SVG Importer white boxes when -nographics is specified on a CI server
Hi,
We are using Jenkins on a Mac (10.15) to build our Unity projects, and when we run a build from the following command-line on a fresh clone:
-nographics -batchmode -quit -executeMethod JenkinsBuild.BuildIOSDev
all of our SVG Icons are imported as white squares. We are using the Vector Graphics package 2.0.0 preview 12.
When we either launch the Unity Editor to import a freshly cloned project, or drop the -nographics as in the following, our SVG Icons import fine.
-batchmode -quit -executeMethod JenkinsBuild.BuildIOSDev
Is it a requirement for SVG Importing that we run our command-line builds with a graphics context (without -nographics)?
Thanks.
Ran into the exact same issue with a different version of the Vector Graphics package on Windows. It doesn't seem to be documented anywhere, but I'm wondering the same thing. However seeing as the Unity docs state the nographics option is needed to prevent a WindowServer error when activating, I'm praying removing this option doesn't break something else when Unity next decides to reactivate.
Answer by denravonska · Oct 21, 2021 at 02:57 PM
The fact that there is no indication in the build log that this is the case should be considered a bug in my opinion. Seeing
Importing myasset.svg: WARNING: No GPU detected, asset will be incomplete
in the log would have saved me a week of troubleshooting, trying to understand why it worked locally but not in the pipeline in Docker.

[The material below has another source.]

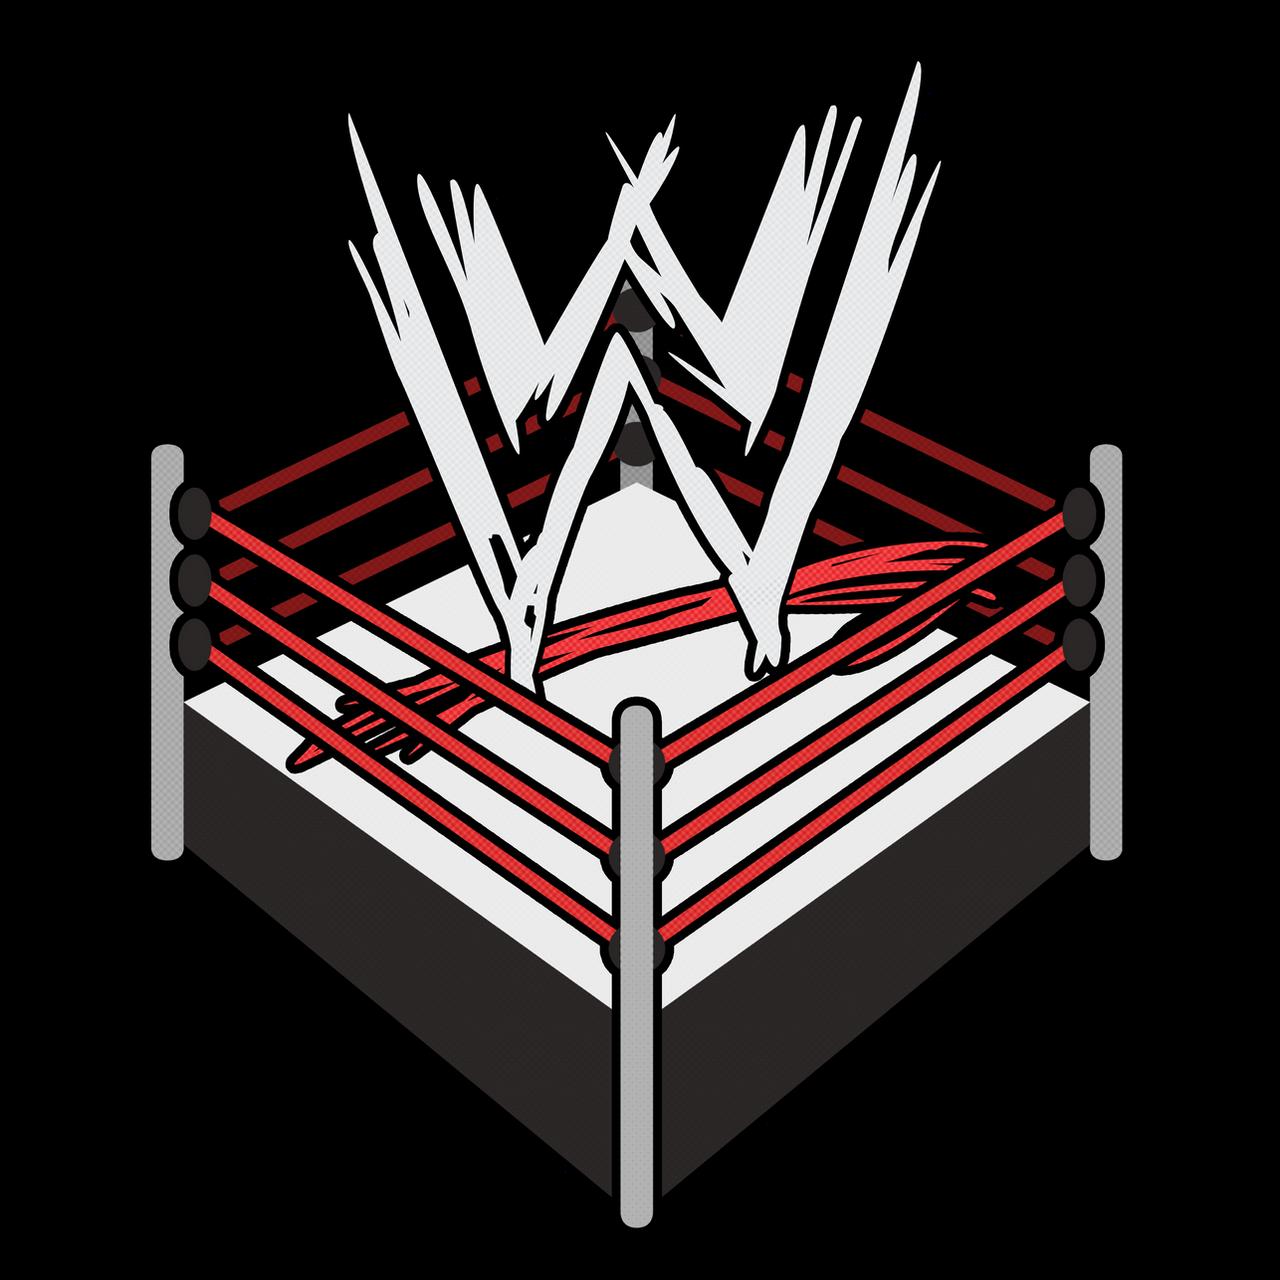 WWE Ring Logo 2 by CmOrigins on DeviantArt

Answer by kahyong_unity · Jan 27, 2021 at 01:33 AM
Certain textures don't import properly because they require a GPU for the texture generation + multisampling. The -nographics option does not initialize the graphics device, which means there isn't a GPU available under that mode. So yes, it is a requirement.
Answer by MichaelJHart · Mar 23 at 05:07 PM
I realize this is a pretty old question, but this issue was fixed for me by upgrading to Vector Graphics package version 2.0.0-preview.18.
It looked like the issue only occurred for me when I used a Unity Image component that had the maskable flag on and an SVG as its sprite.